By the way, I counted all the children
by sex in the two or three hours I was in the garden. Small sample,
no proof obviously, but if this was representative there's no
sex-selection for males going on. I counted 20 boys and 23 girls.
At the garden I thought of Bach's
B-minor Mass, my favorite piece of music. I've always thought that
if I listened to it every day for the rest of my life, on the last
day I would still hear something new in its complex beauty that I
hadn't noticed before. A Chinese garden is like this but even more
so. I could sit in the smallest garden for hours a day and I am sure
that every day I could find something I hadn't noticed before. In
this sense, a Chinese garden is superior to the B-minor Mass: I
could sit and stare and notice and observe for as long as I wanted
and the garden does not change, or at least not quickly, but I can't
extend a measure of music in the Mass so that I can notice more about
it. The music moves on inexorably; the garden waits for you.
Leaving the garden the alley is lined
with – how else? – many shops. Out at the street I was besieged
with people offering to drive me where I needed to go. Because I had
taken a taxi there, I knew what a reasonable fare was: 20 yuan,
about $3.50. These folks said 50 yuan! I laughed. Then a young man
pointed to his scooter. I told (showed) him that I would pay 20 and
no more: a deal! It was a glorious ride! Naturally someone who
hustles tourists wouldn't drive quite as slowly as others I've seen
and in fact this guy tried to pass everyone and generally did.
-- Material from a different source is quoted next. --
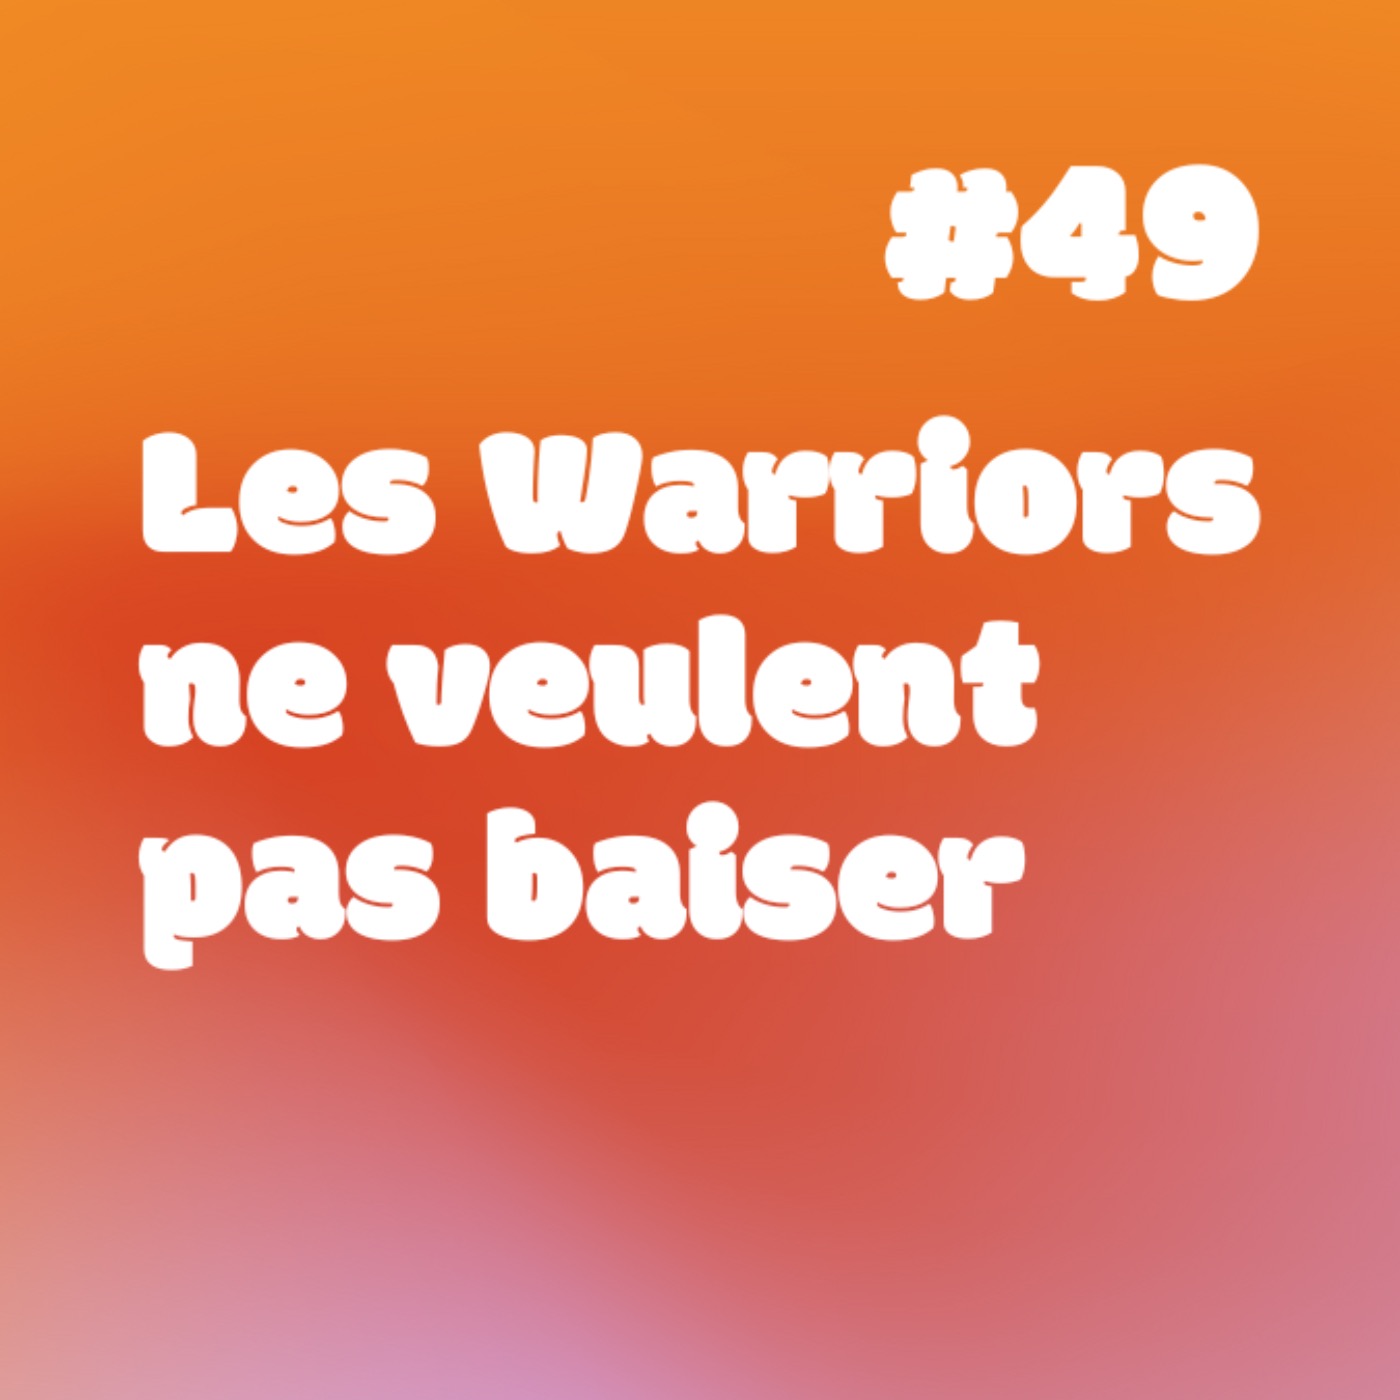 YESSS #49 Les Warriors ne veulent pas baiser

I was
thrilled that it was a good distance, from the northeast corner of
square-shaped downtown Suzhou to the southwest corner. I loved it.
I am writing this on the train from
Suzhou to Hangzhou, which has an area called West Lake that is
supposed to be very beautiful. Although I'll just have tomorrow
morning and afternoon there before I return to Shanghai, I am eager
to see it. I have been befriended by a very young woman with nearly
no English. She has taken me under her wing because she is taking the
same train. Going down the four flights of stairs to the train
platform she treated me like an honored elder, carrying one of my
bags and gently holding my elbow. I felt like a treasure. Then
getting off the train I met another young woman, Shell, an art
student in Hangzhou. We fell into conversation and she invited me to
spend the day with her tomorrow. You bet!